Clearly this isn’t doing what my colleague intended. Just how many of these Nd characters are there? It seems like we
ought to be able to simply ask the CharacterSet
how many elements it has with count
, but it doesn’t conform to
Collection
, nor does NSCharacterSet
support any simple means of obtaining the number of characters represented, so
we’ll just have to do it the hard way:
import Foundation
func sizeOf(set: CharacterSet) -> Int {
return (0...Int(0x10FFFF))
.compactMap { Unicode.Scalar($0) }
.filter { set.contains($0) }
.count
}
let s = CharacterSet.decimalDigits
print(sizeOf(set: s)) // 610
sizeOf(set:)
enumerates every code point from zero to the maximum valid value, 0x10FFFF, and checks whether each value
is in the set. compactMap
lets us ignore cases where Unicode.Scalar
returns nil
, as it does in the range 0xD800 to
0xDFFF, because these are invalid code points reserved for use as surrogates in UTF-16 (incidentally, UTF-16 is also the
reason that 0x10FFFF is the maximum valid code point).

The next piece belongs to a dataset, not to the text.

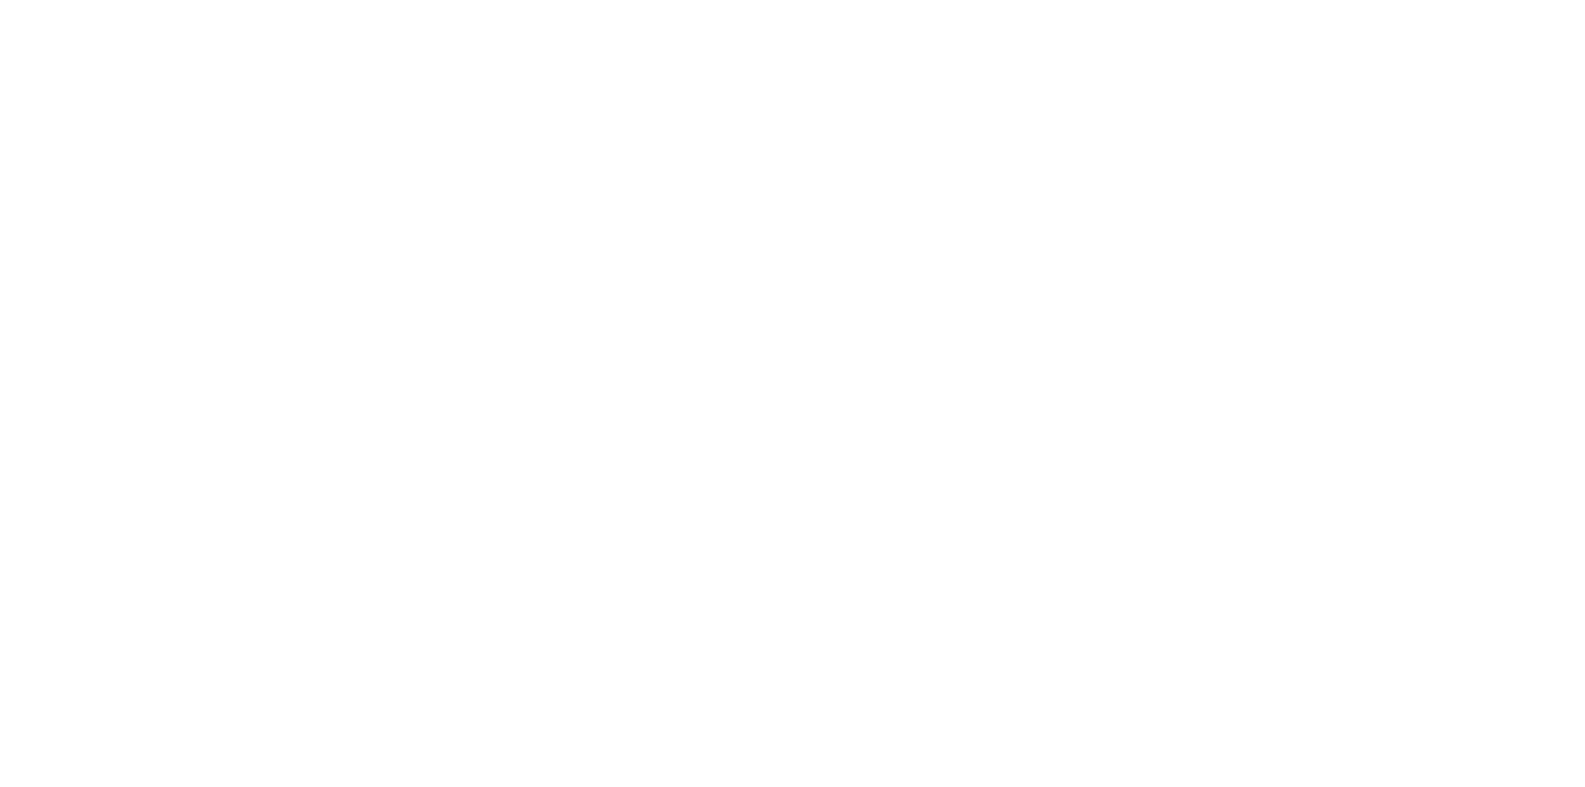 Bolton Gardens new logo
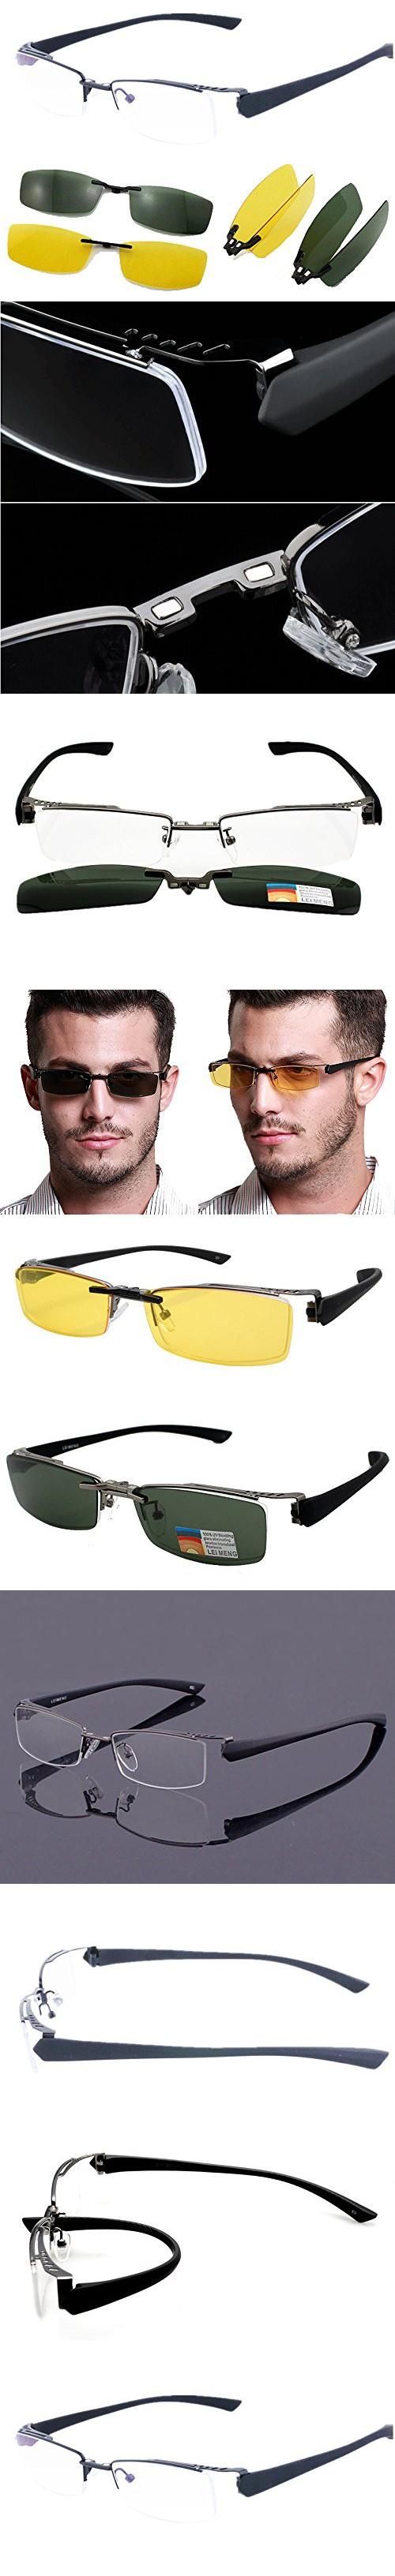 f18c75f695d Agstum Mens Half Rimless Myopia Glasses Frame Magnetic Clip On Sunglasses  (Gunmetal frame with 2pcs clip on

According to this function, then, there are not just ten decimal number characters, as you might expect, but six hundred and ten! To fix the bug, we’ll just have to be more explicit:
+ (BOOL)validateAccountNumber:(NSString *)number {
NSCharacterSet *invertedArabicDecimalDigitCharacterSet =
[[NSCharacterSet characterSetWithCharactersInString:@"0123456789"] invertedSet];
NSRange range = [number rangeOfCharacterFromSet:invertedArabicDecimalDigitCharacterSet];
// Ensure that the given string is digits only
return range.location == NSNotFound
}
Amusingly, the accepted answer for this question on Stack Overflow also gets this wrong. I can hardly blame them!